Finding the slope of line tangent to a parabola

[oates151]

Homework Statement

Find the equations of both lines through the point (2,-3) that are tangent to the parabola y=(x^2)+x

Homework Equations

The Attempt at a Solution

Took the derivative and got a slope of 5 and the slope of the normal line being -1/5, but the answer was marked wrong. How do I do this?

Two equations I got
y=-(1/5)x-(13/5)
y=5x-13

 

[ElijahRockers]

Choose a point (a,y(a)). A line that goes through this point, AND the given point must have a slope of \frac{y(a) - (-3)}{a - 2} Also, the slope at point 'a' can be given by the derivative of the function. This gives you two equal expressions for the slope in terms of a. It will be a quadratic equation.
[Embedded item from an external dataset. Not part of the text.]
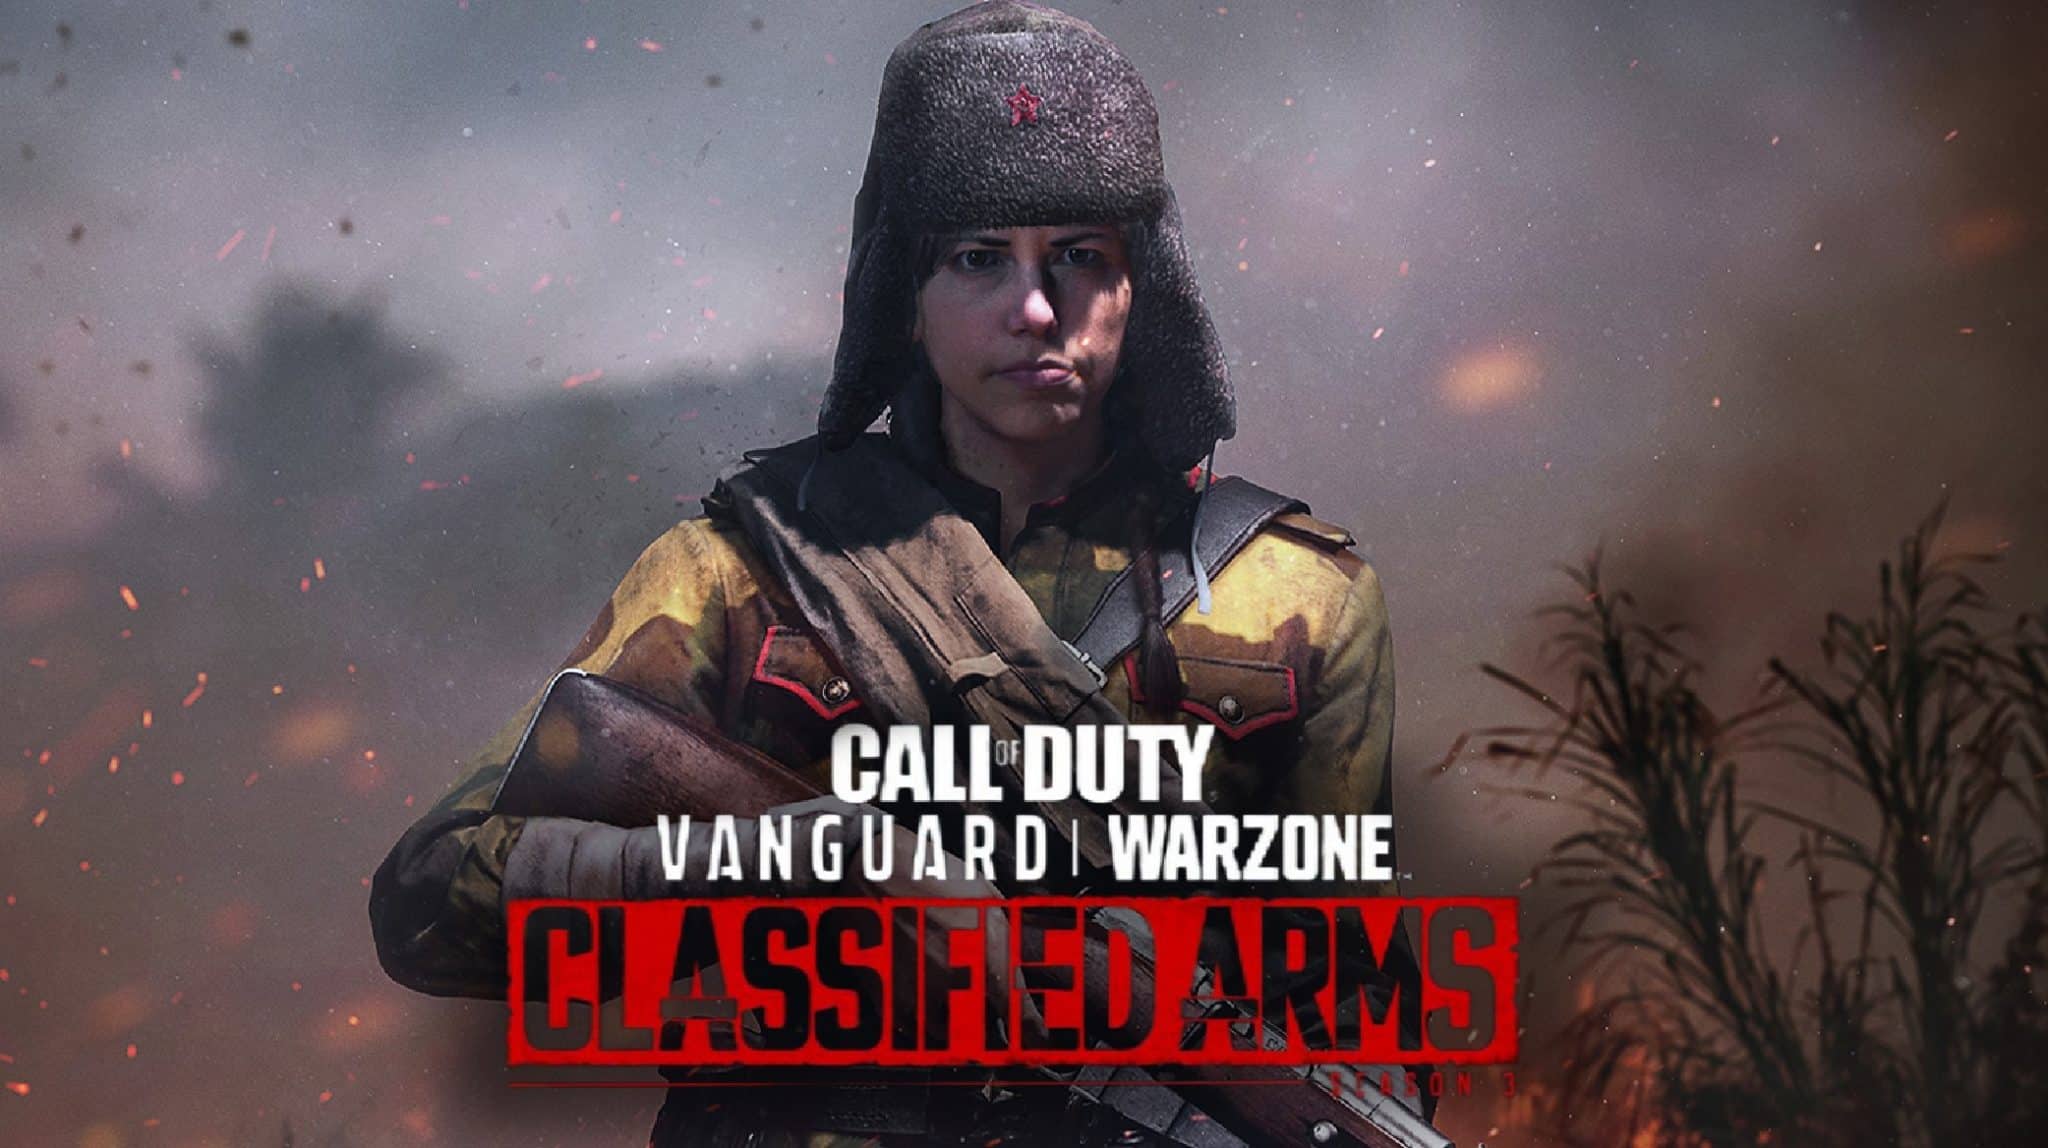 Warzone Pacific Season 3 Classified Arms cover art
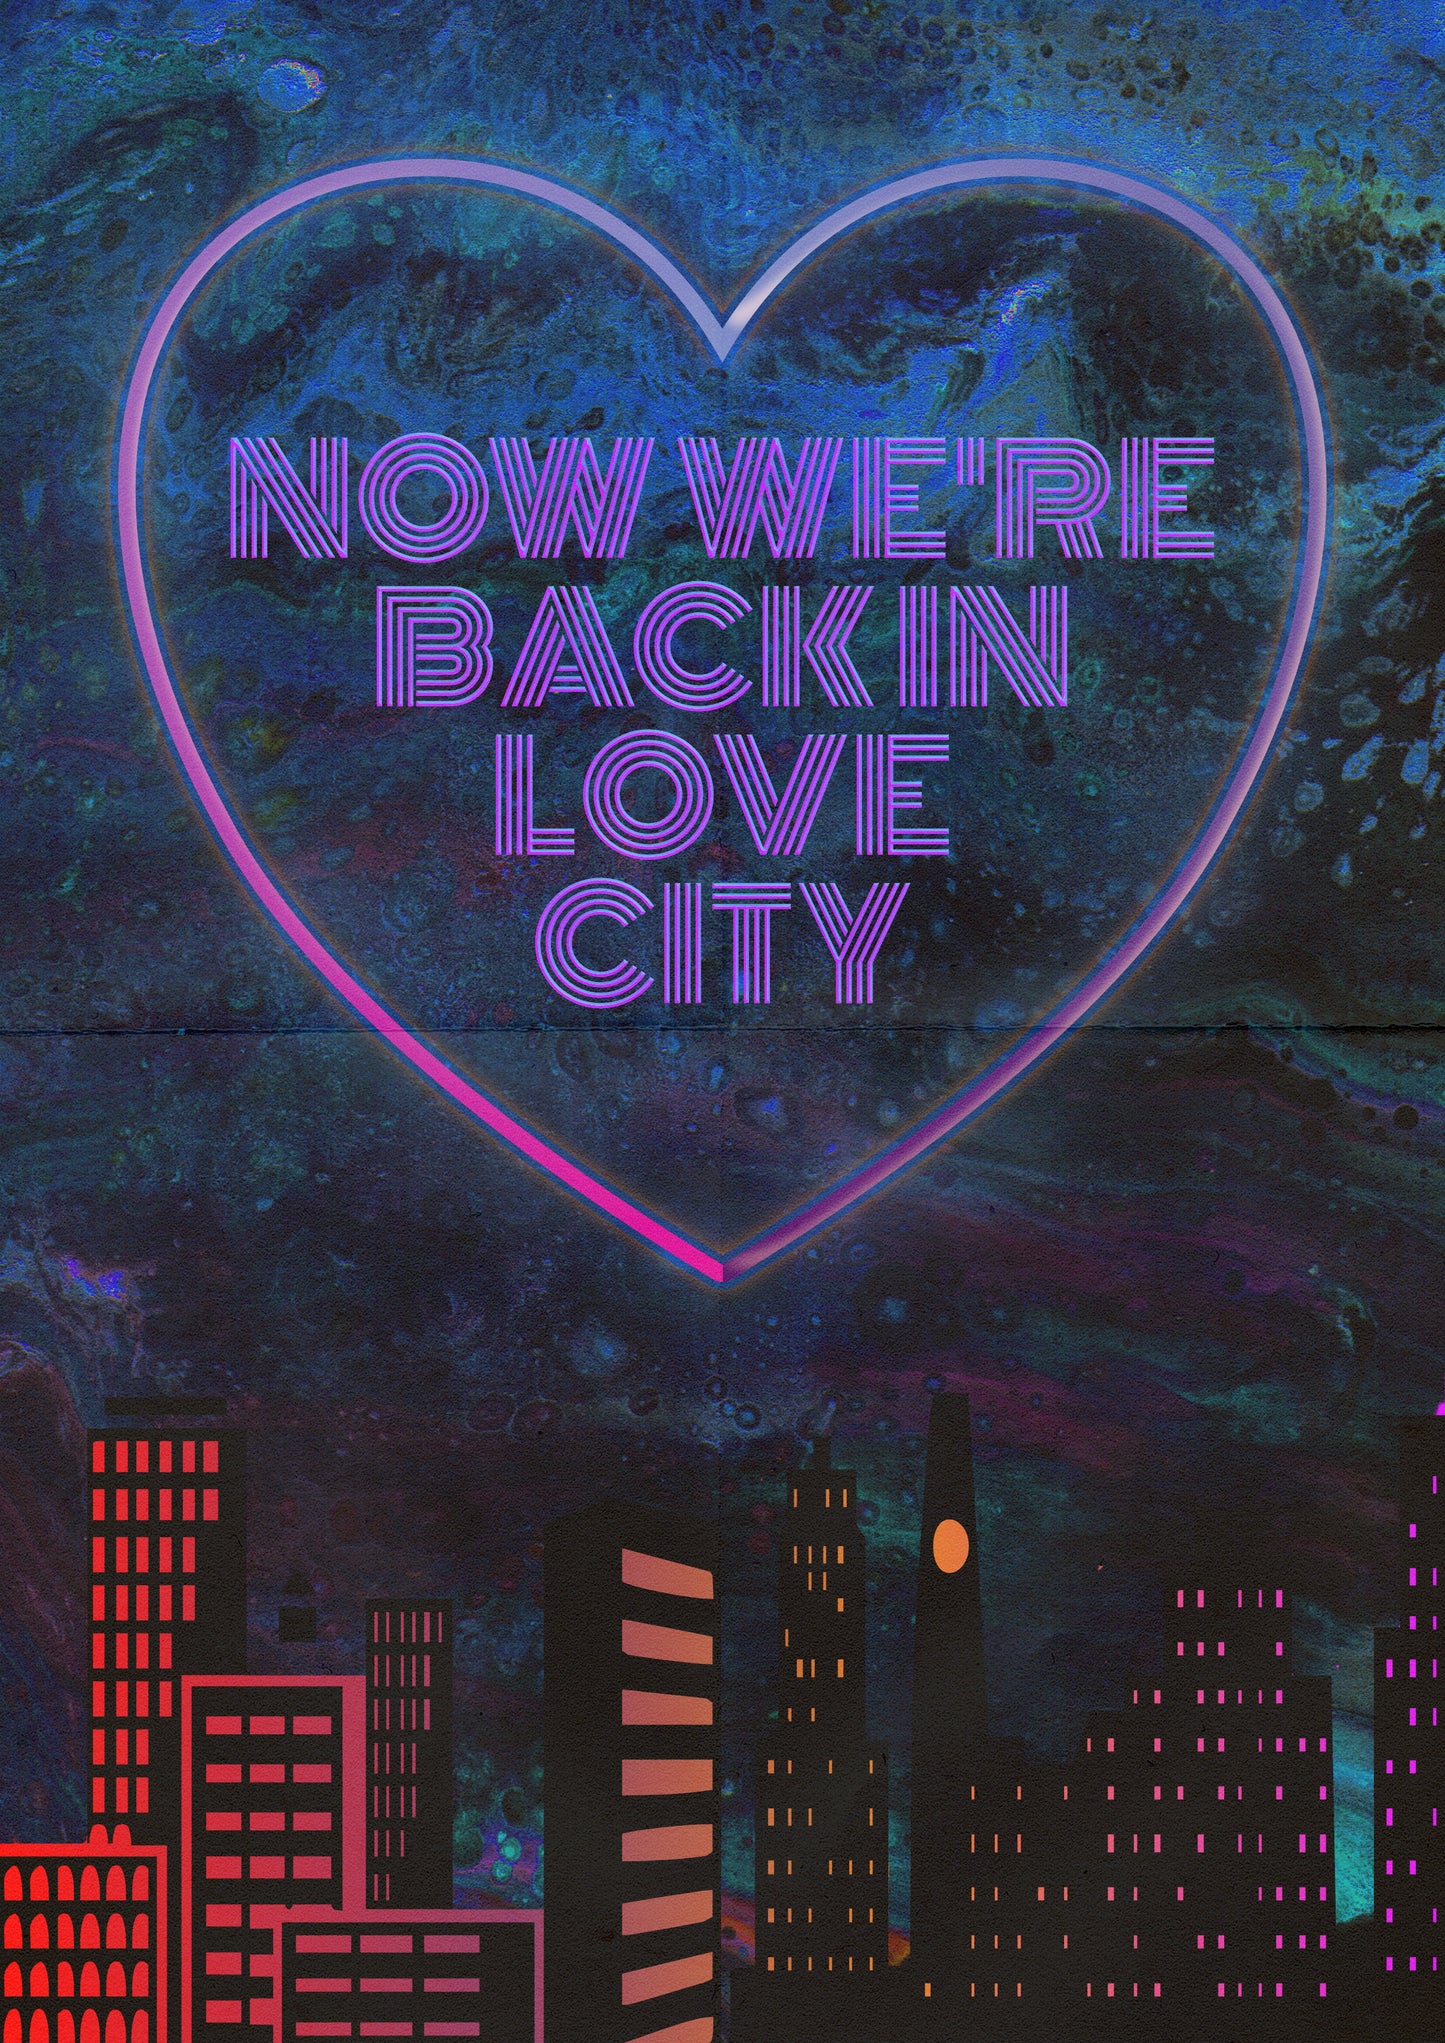 NOW WE'RE BACK IN LOVE CITY

The roots will be the x values at which the lines intersect the parabola.

 

[SammyS]

What do you mean? "both lines"

One of your lines is tangent to the parabola at (2, -3) .

The other is normal to the parabola at (2, -3) .

 

[ElijahRockers]

What do you mean? "both lines"

One of your lines is tangent to the parabola at (2, -3) .

The other is normal to the parabola at (2, -3) .

Actually I think it's tangent to the parabola at (2, 6)

 

[SammyS]

Actually I think it's tangent to the parabola at (2, 6)

Ha!

Yup, the parabola doesn't pass through (2, -3) ! DUH